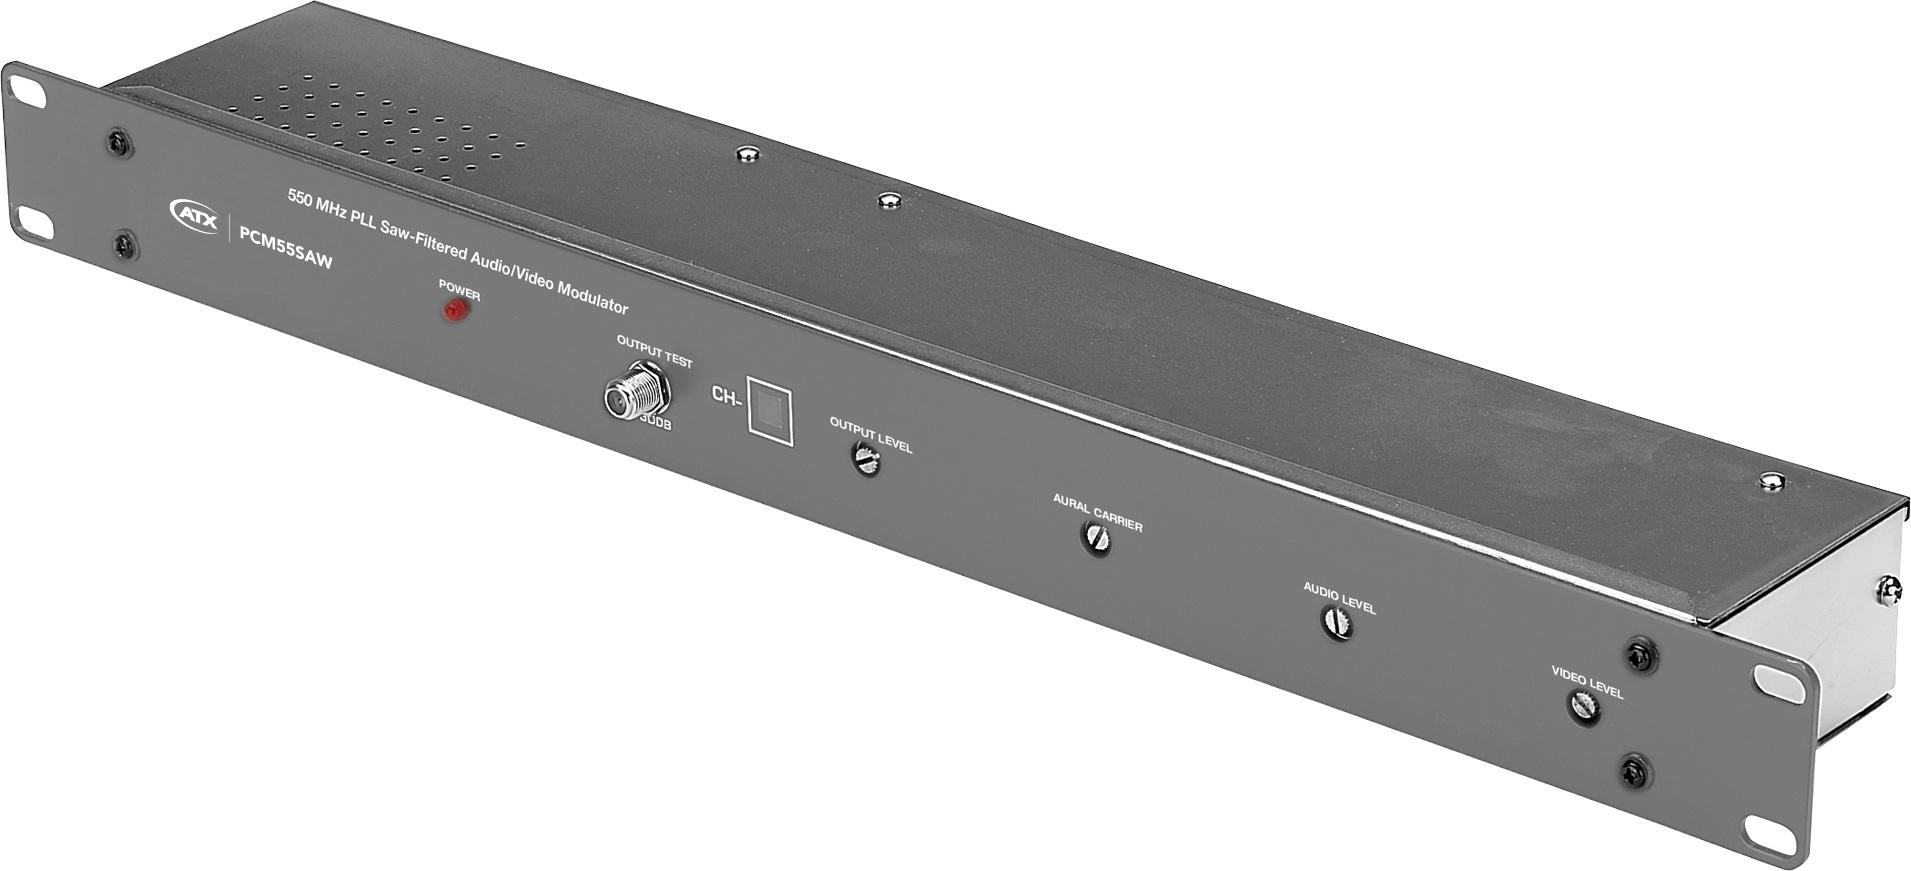 1 Channel Crystal A/V Modulator - Channel 5 PM-PCM55SAW-5
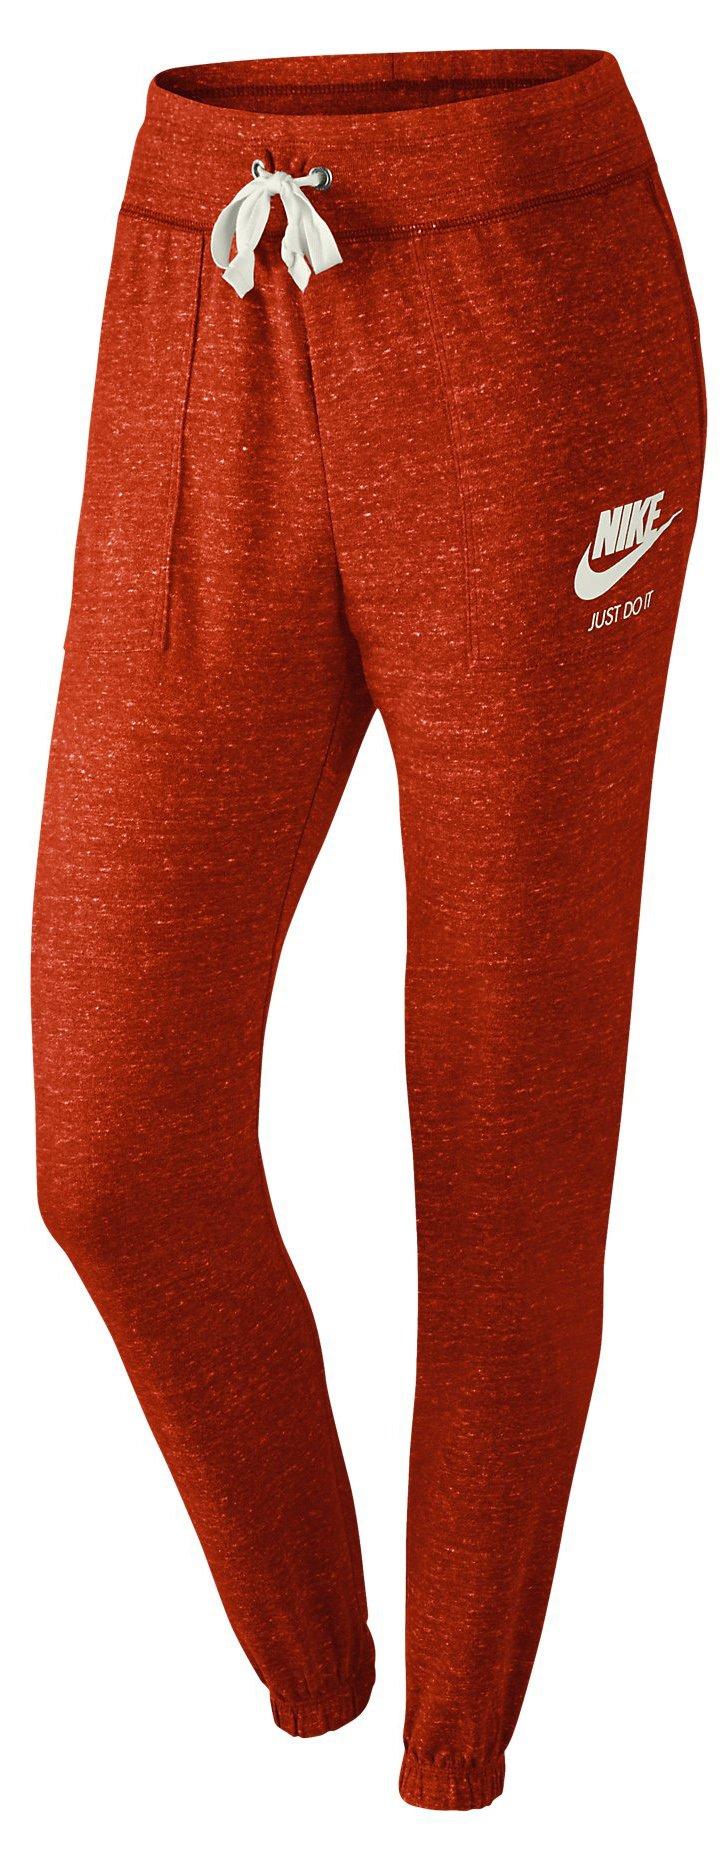 Kalhoty Nike Gym Vintage
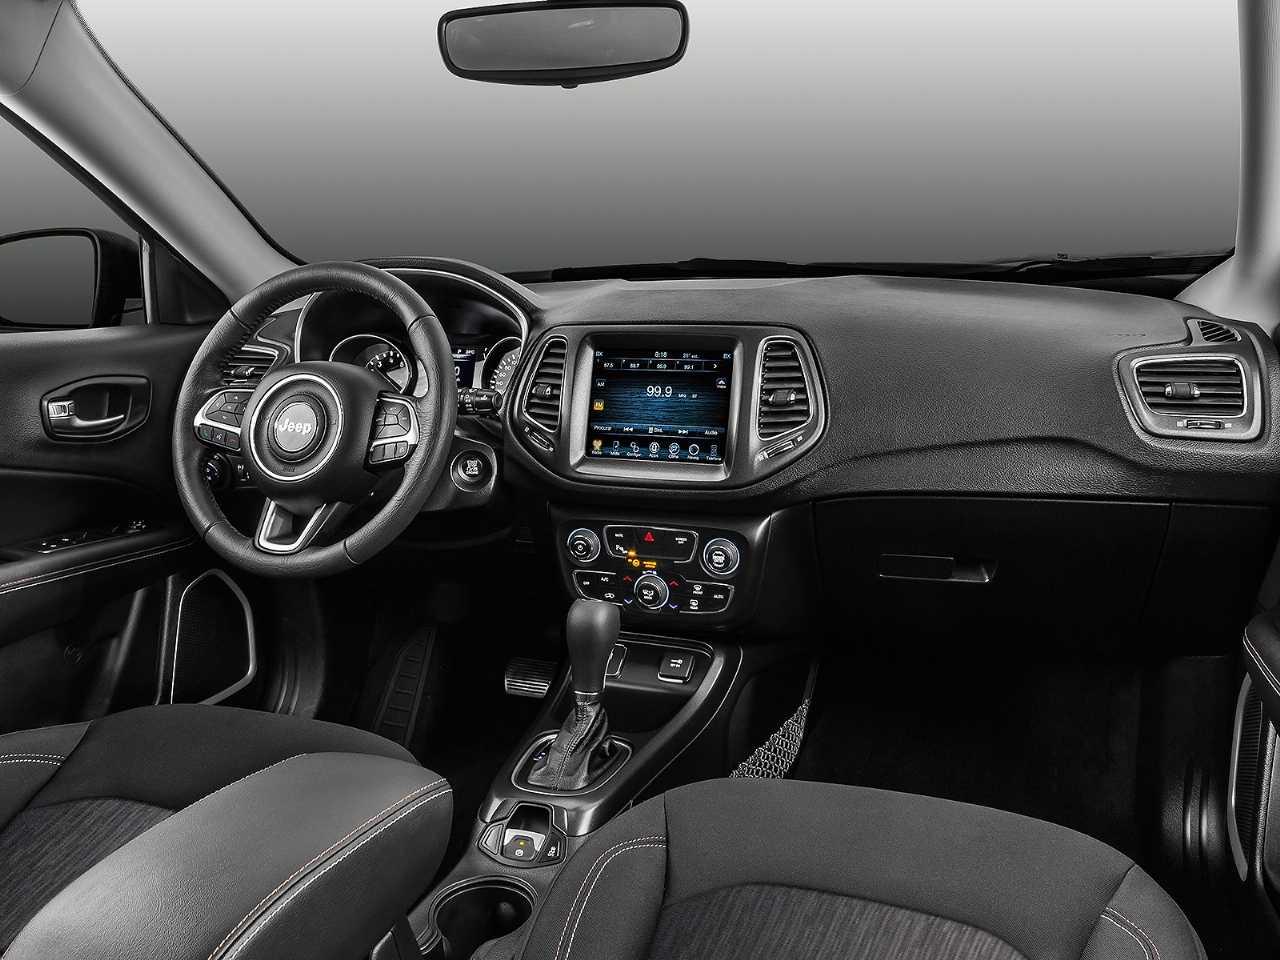 JeepCompass 2019 - painel

Problem to solve: Repeat all of the listing above word for word, and exclude the pictures.

Result:
 1 Channel Crystal A/V Modulator - Channel 5 PM-PCM55SAW-5
 Kalhoty Nike Gym Vintage
 JeepCompass 2019 - painel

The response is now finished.